What ensued was a unique symbiosis and respect between the trio, with the three sending out holiday cards including all of their names. When asked about his arrangement, Buffett put it like this: “Susie put me together, and Astrid keeps me together.”
When Susan died from cancer in 2004, he was devastated. He married Astrid — whom is like-minded in frugality — two years later in a quiet civil ceremony at his daughter Susie’s home.
The finance titan’s life is the realization of living by his own rules and leadership wisdom. Buffett is a true radical and visionary.
Here are five leadership lessons we can glean from his life.
1. Mine your area of expertise.
Buffett is a longtime value investor, considered a somewhat stodgy, old-fashioned strategy versus the more new-fangled growth investing that is associated with tech investing.

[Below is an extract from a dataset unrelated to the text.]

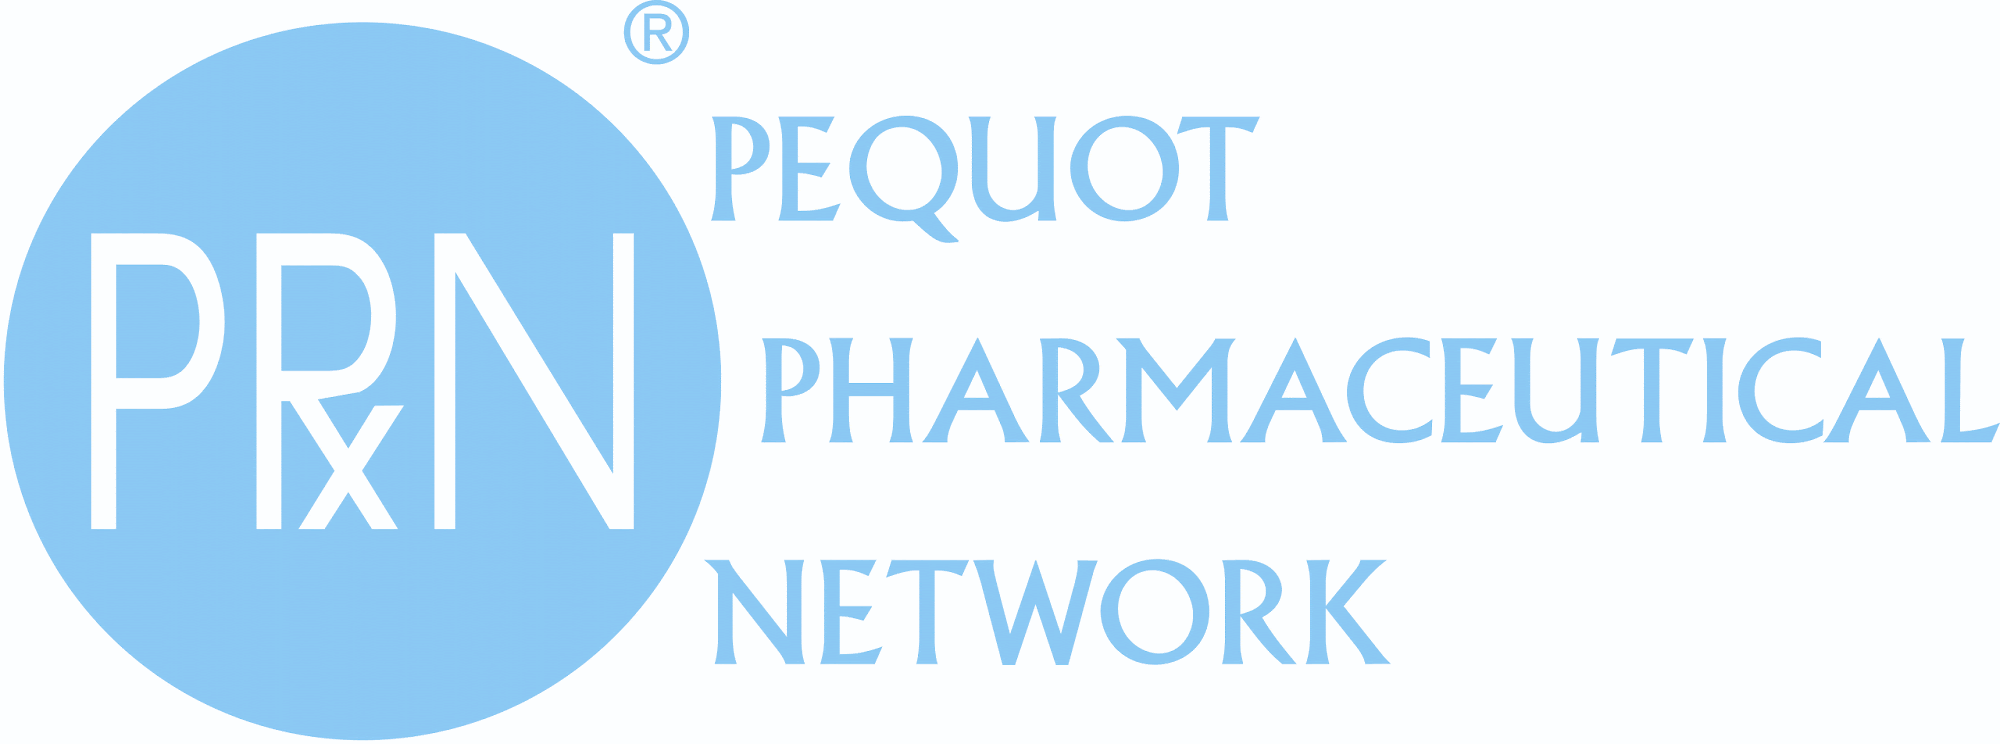 Pequot Pharmaceutical Network

The “Oracle from Omaha” invests in stocks that have been undervalued by the market but have good instrinsic value — and then waits for the market to recognize the value. His approach sometimes takes years for a payoff, but his success motto is that he’ll take a certain payoff over a big one any day.
And his investment philosophy has certainly paid off, with a 22 percent annual return for Berkshire Hathaway from 1964-2005.
Some of his best known investment successes have been with American companies, such as Coca Cola, Geico and Gilette, but Buffett also saw the future in China and did very well investing in China’s main oil company PetroChina in 2002 and 2003, which earned Berkshire Hathaway back $3.6 billion when he unloaded the shares four years later.
Buffett gained a rep for being averse to tech stocks for the majority of his career, but it appears that this aversion has changed since Berkshire Hathaway invested billions of dollars in IBM and Verizon stocks in 2011 and more recently, when this month he surprised the investment world by buying $1 billion in Apple stocks. But is this really that much of a surprise?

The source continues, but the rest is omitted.